Even if large companies’ effective tax rates, using current tax rules were to stabilise at about 21% as Chart 1 suggests possible, which is a figure 7% less than the headline rate, the effective tax rate of those companies will still fall over the next four years as the headline rate of corporation tax for large companies (alone) is cut in the UK, from 28% to 24%14. On this basis the prospect exists that by 2014 large companies will be paying corporation tax at no more than 17% on average whilst small companies will be paying corporation tax at 20%, or more. This means that for the first time in UK corporation tax history small companies will be asked to pay tax on a regular
basis at effective tax rates that are not just higher, but are significantly higher than those paid by large companies.
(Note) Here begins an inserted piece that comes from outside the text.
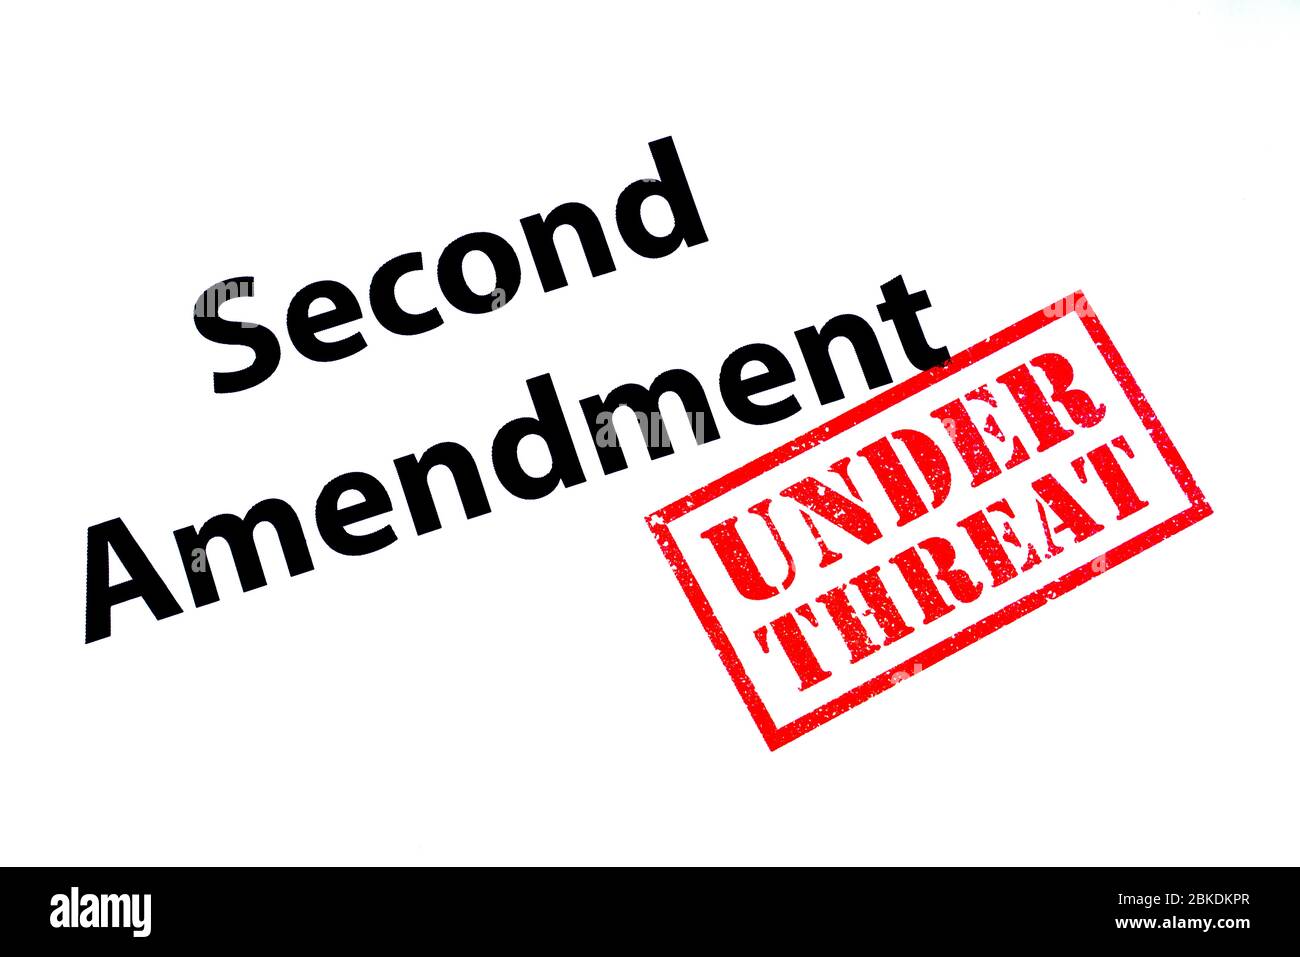 Second Amendment heading with a red UNDER THREAT rubber stamp. Stock Photo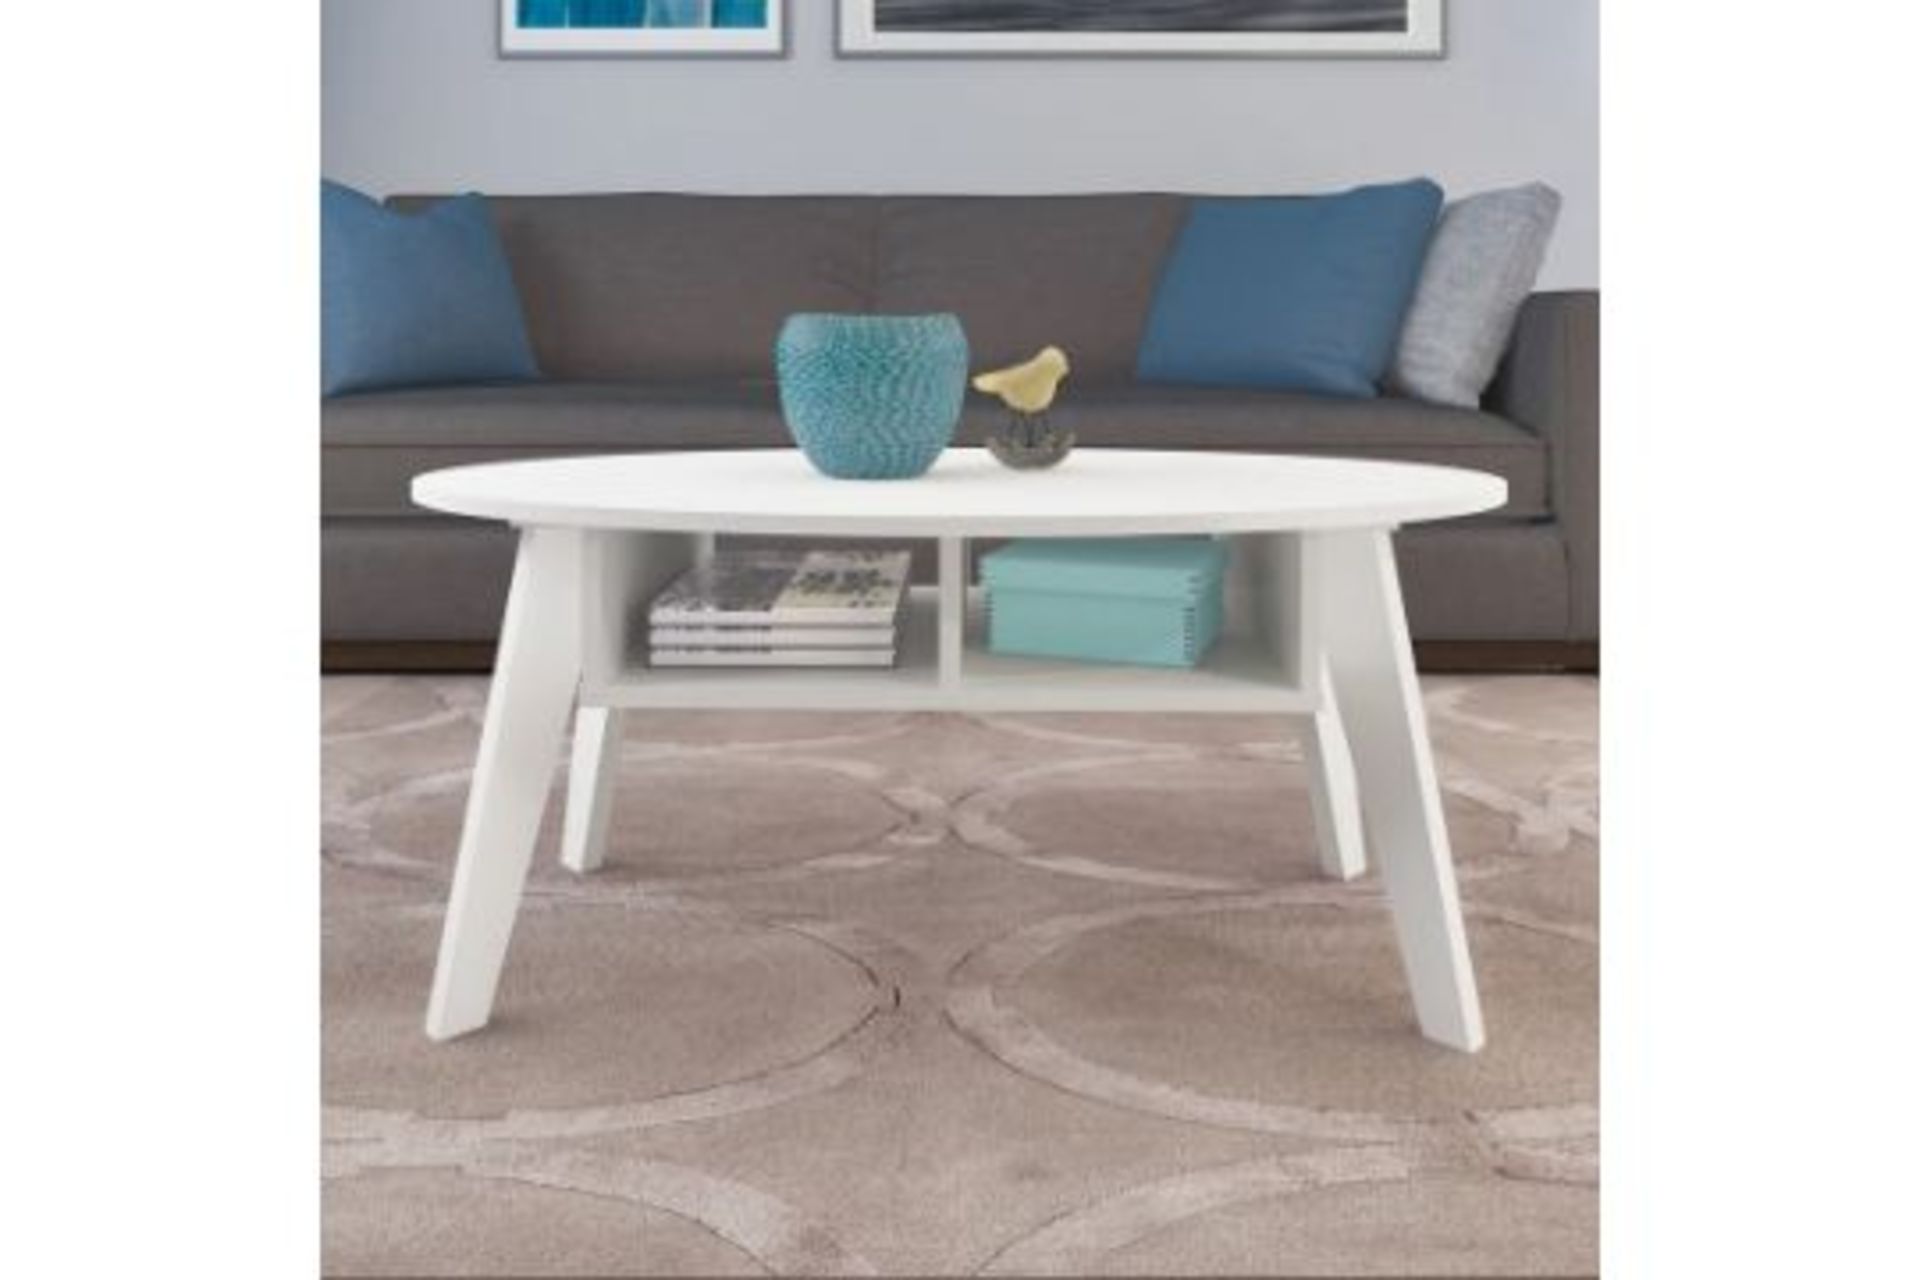 RRP £83.99 - Haillee 4 Legs Coffee Table with Storage

What is more, those large companies will also be paying tax at effective rates lower than the marginal rate applied to the income of a majority of UK households. We will, in other words have a regressive UK corporation tax system.

This is important: small business in the UK plays a vital job in creating new employment, often at relatively low cost, and often as the precursor to economic recovery. And of course, most small businesses are run by self employed people paying income tax at the basic rate. We are not necessarily arguing that small business should have its tax rate cut: there are good reasons relating to tax avoidance why the rate of small company corporation tax in the UK should be pitched at least at the same level as the basic rate of income tax (or maybe higher) but we are pointing out that a fundamental inequality is being created in the UK economy which makes no sense at all. The tax system will be favouring large companies over small companies, and large companies over the self employed. It is hard to see how a more unequal and unfair playing field on which small business and its employees have to compete could have been created.